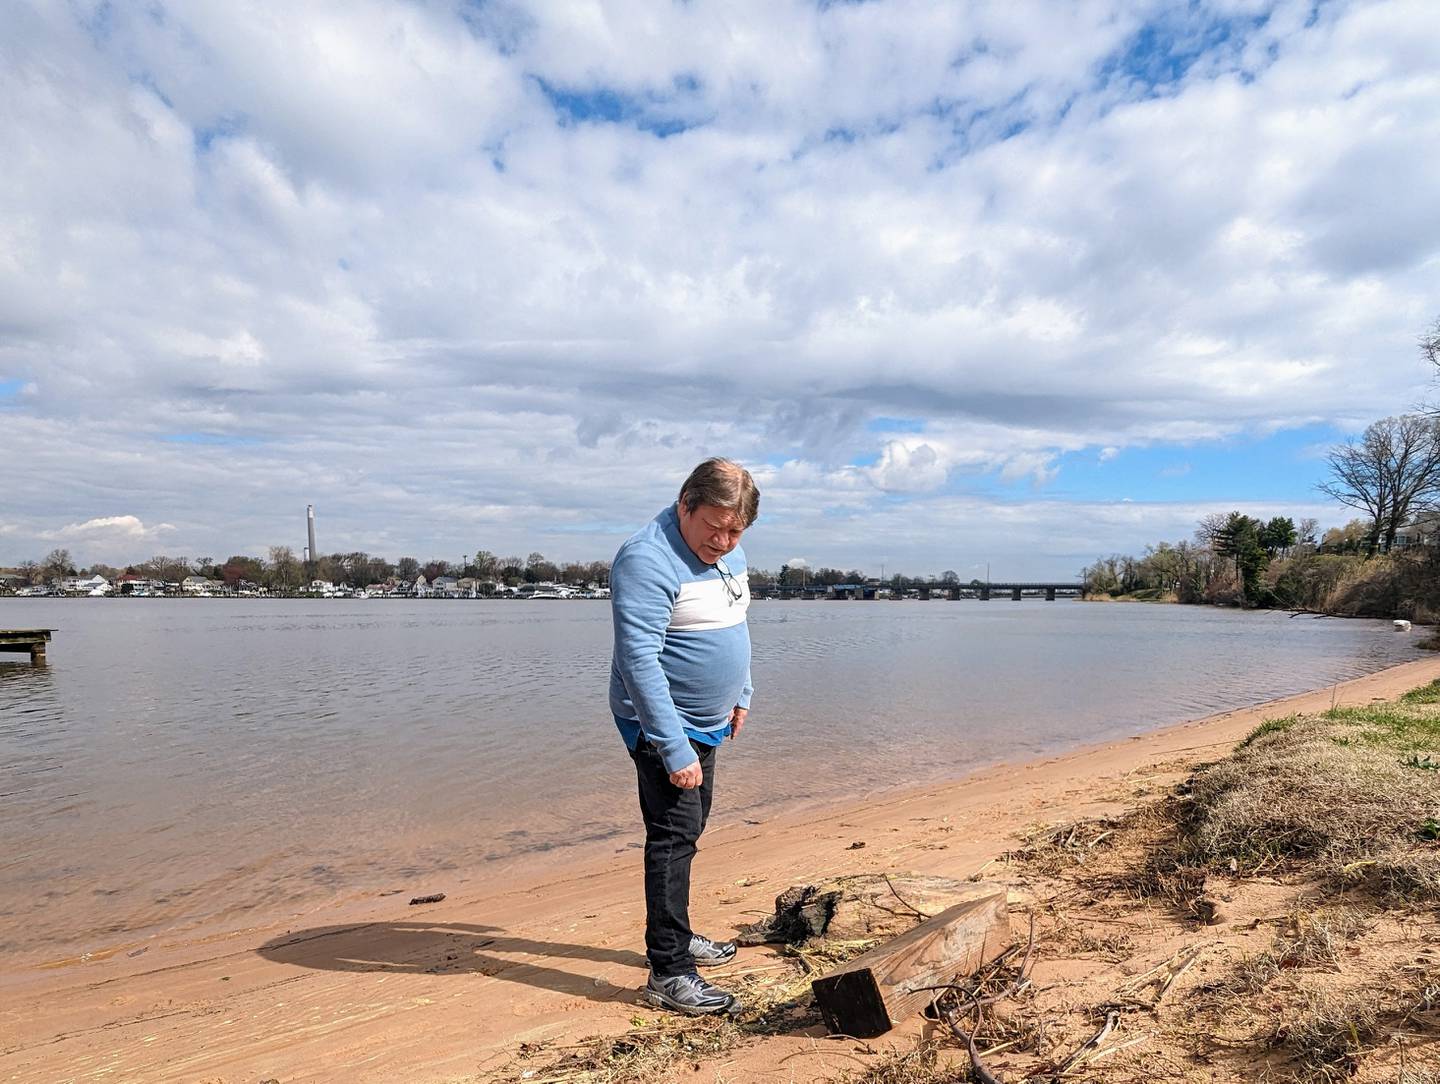 Ernie Dimler, who's lived on Stoney Creek in Pasadena for 30-plus years, points out some of the debris that's washed up since the Key Bridge Collapse on March 26.
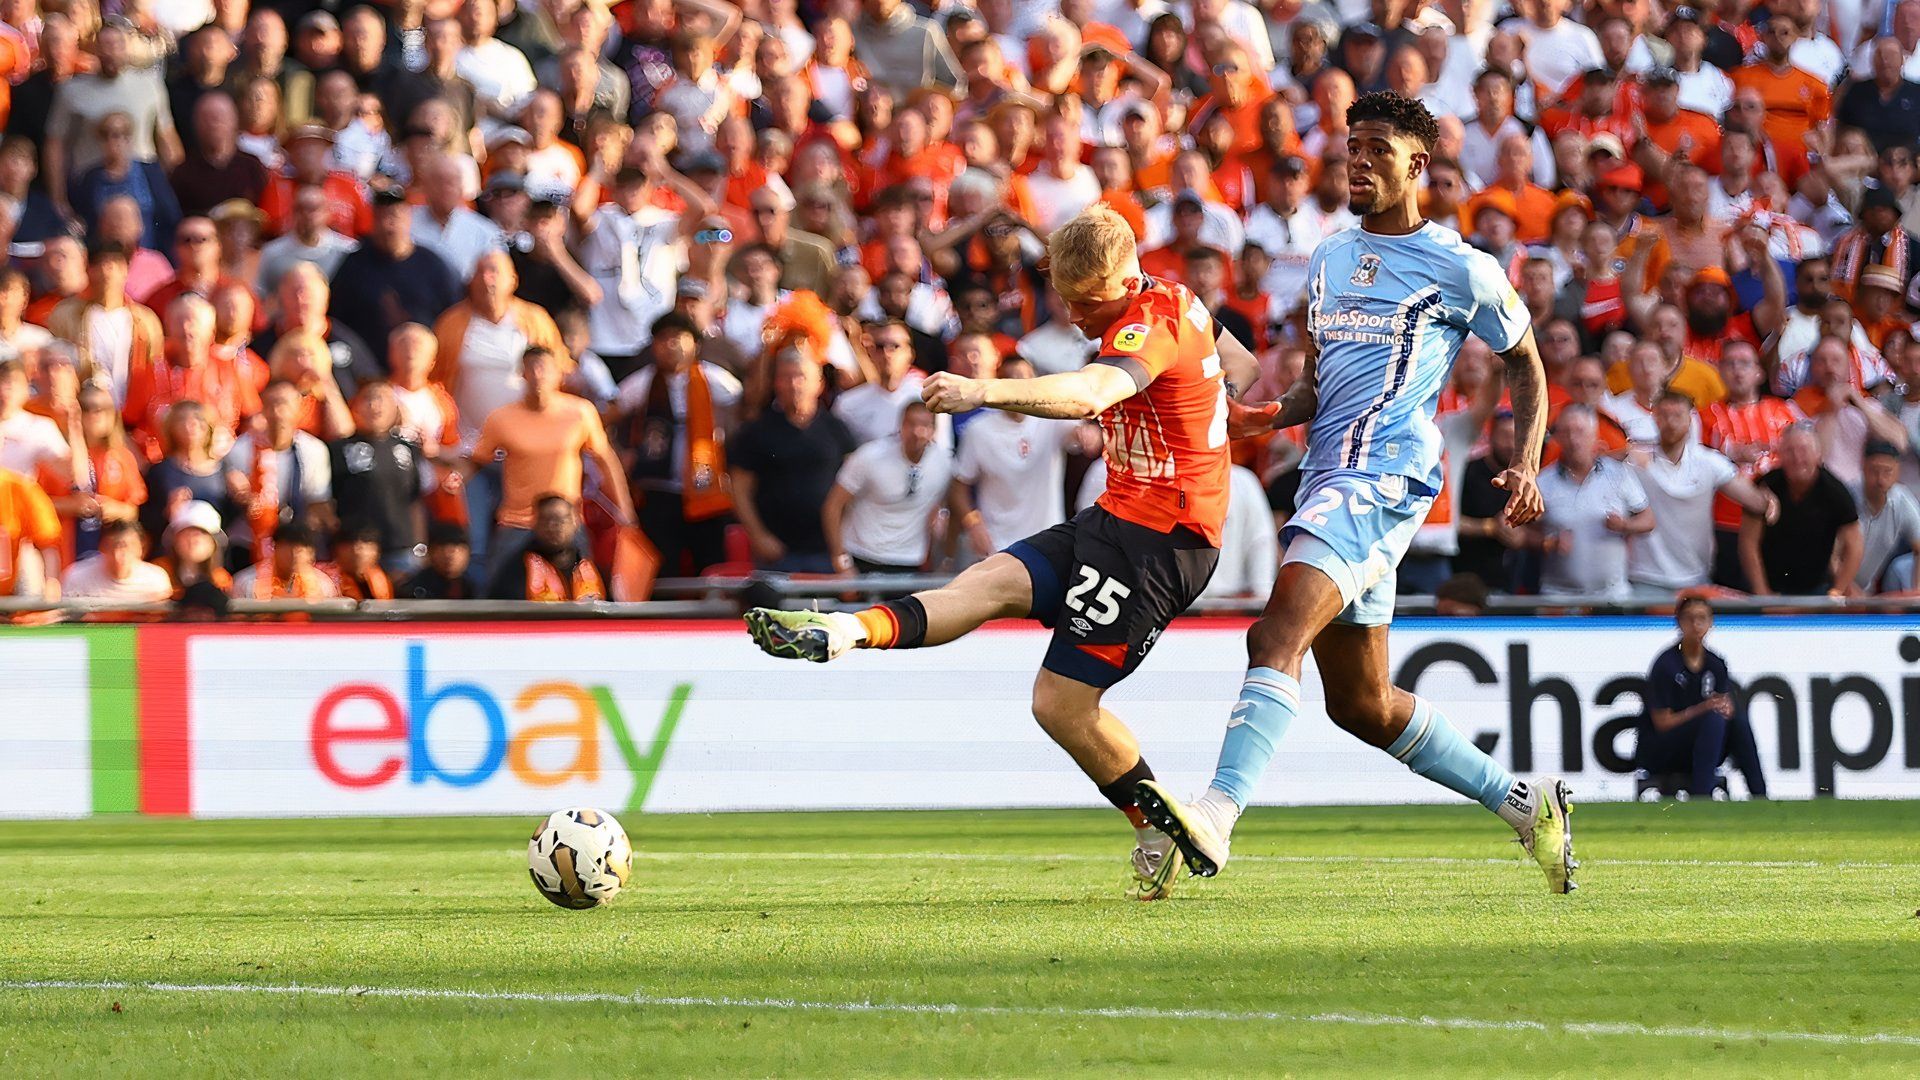 Joe Taylor playing for Luton against Coventry
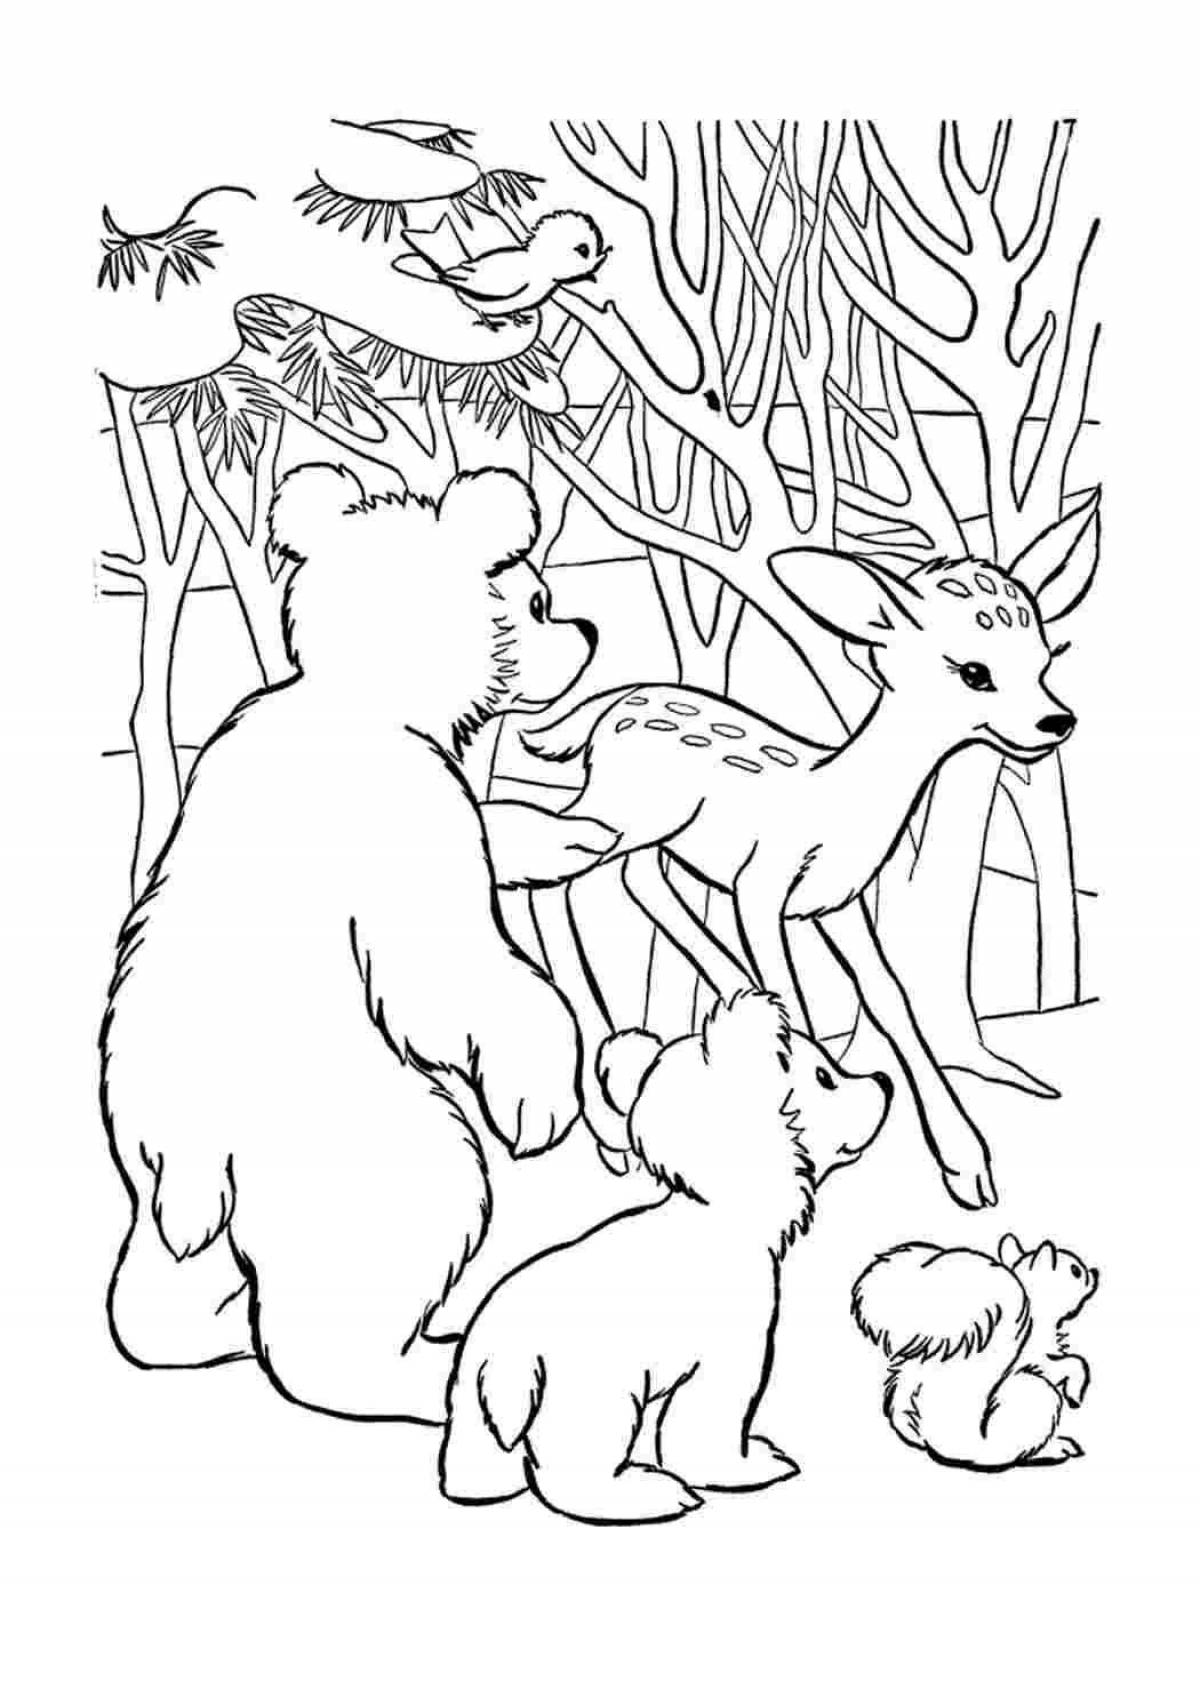 Radiant coloring page animals in winter
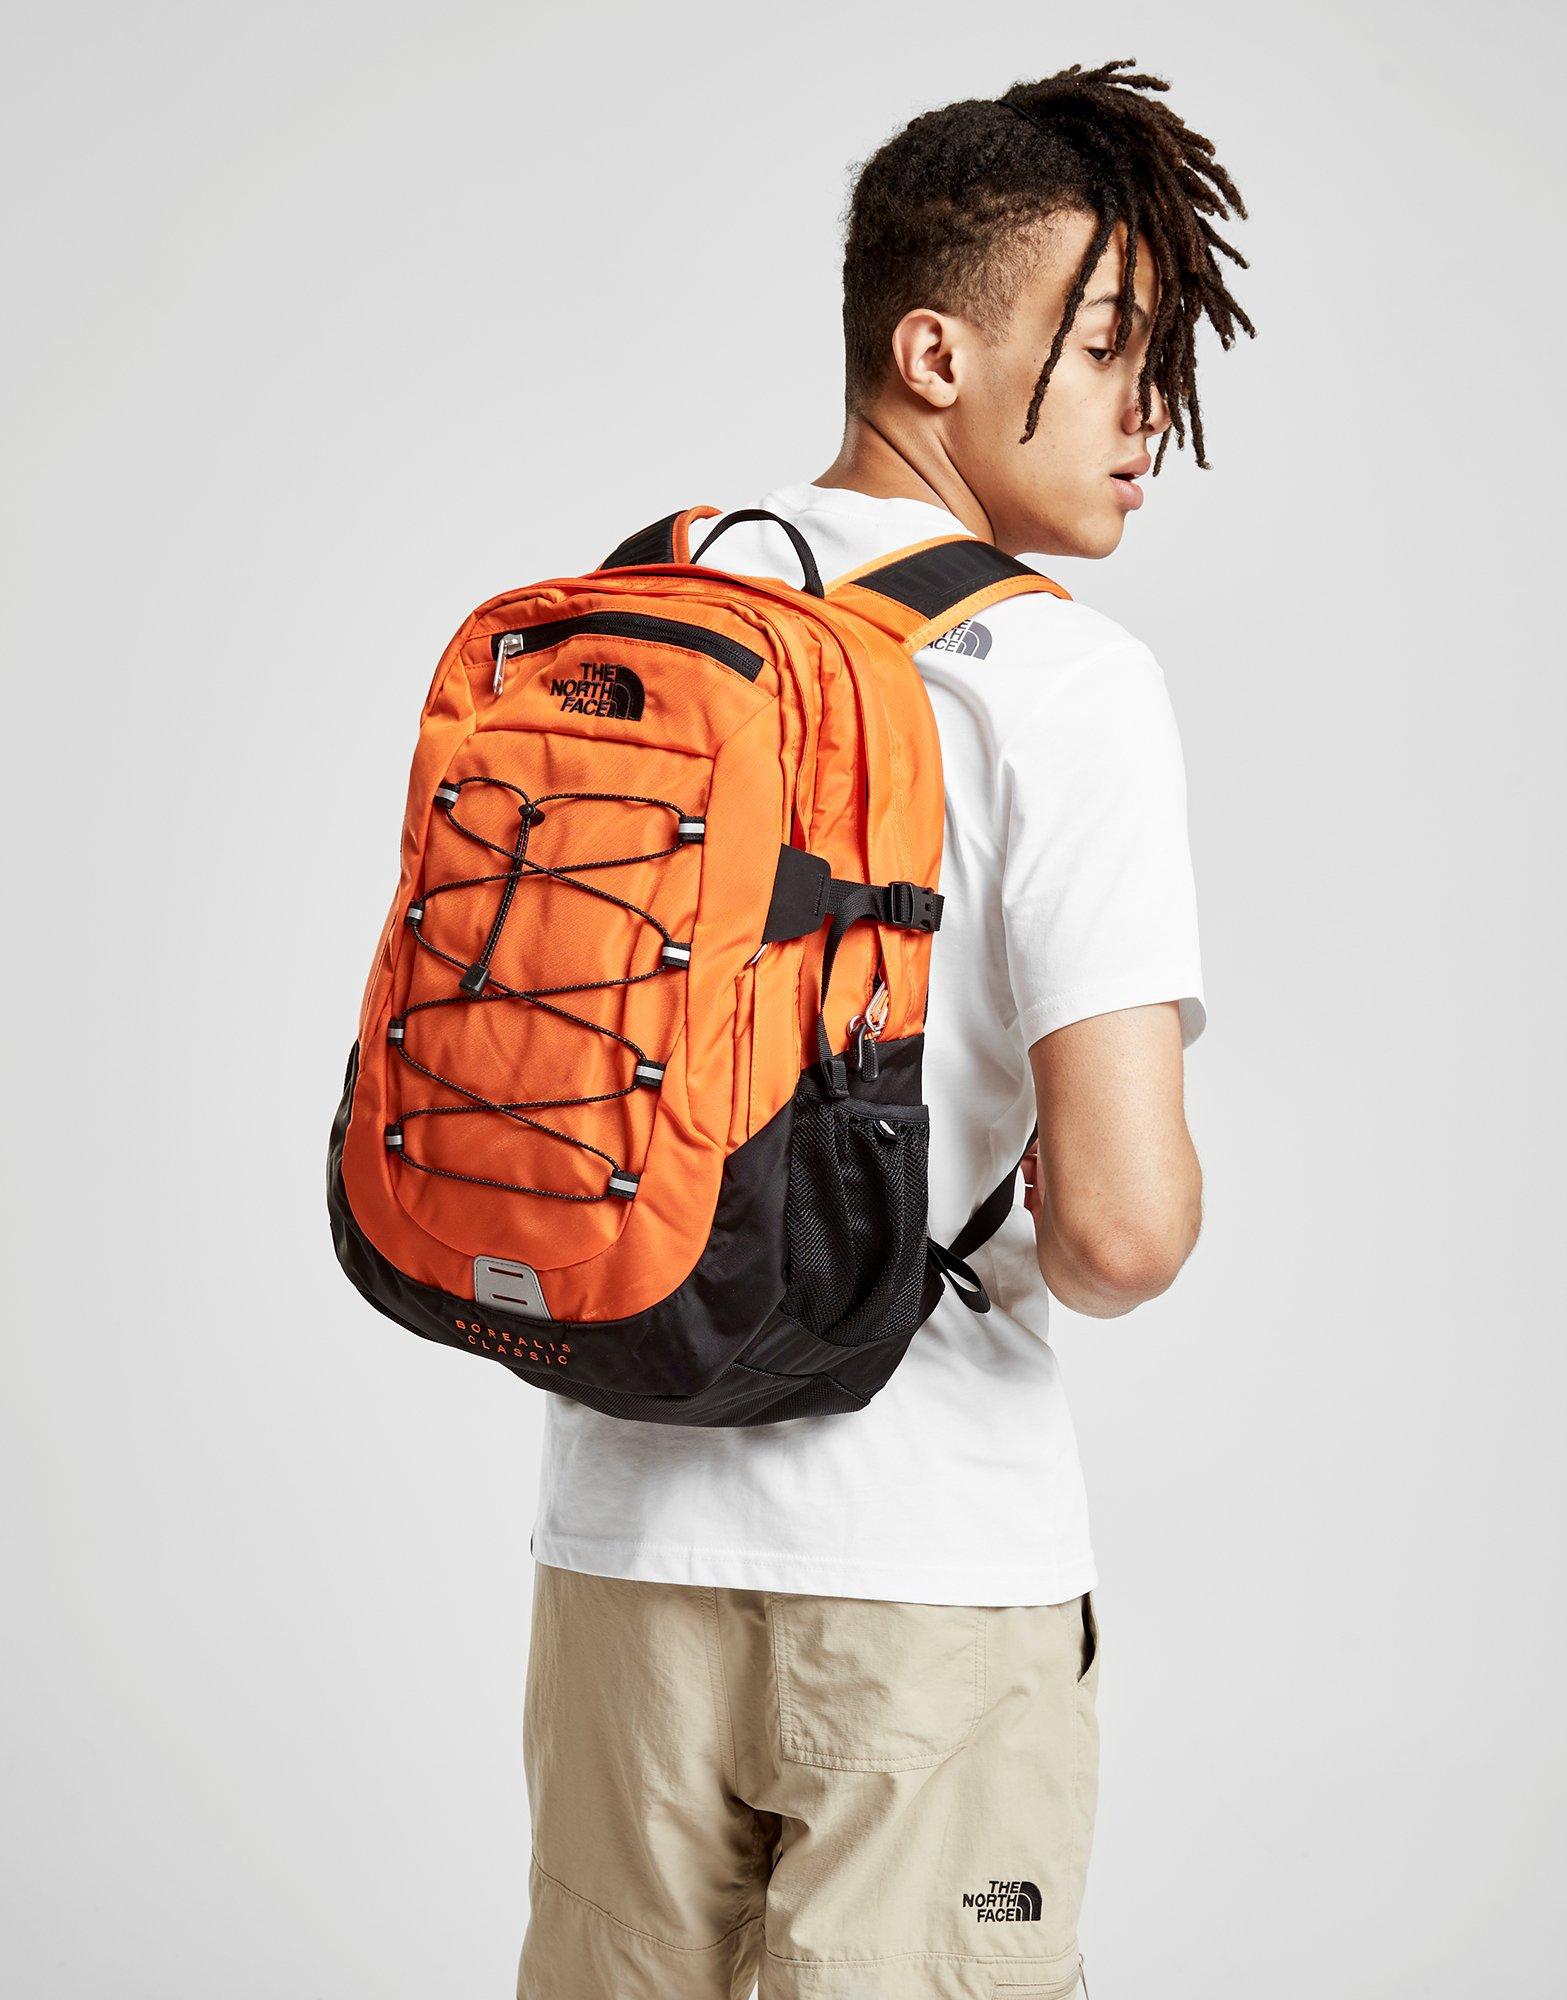 the north face orange backpack

What you should do:
Please return, exactly and with pictures omitted, the lines from the line holding "Joe Taylor playing" through the end of the data above, inclusive.

Response below:
 Joe Taylor playing for Luton against Coventry
 Radiant coloring page animals in winter
 the north face orange backpack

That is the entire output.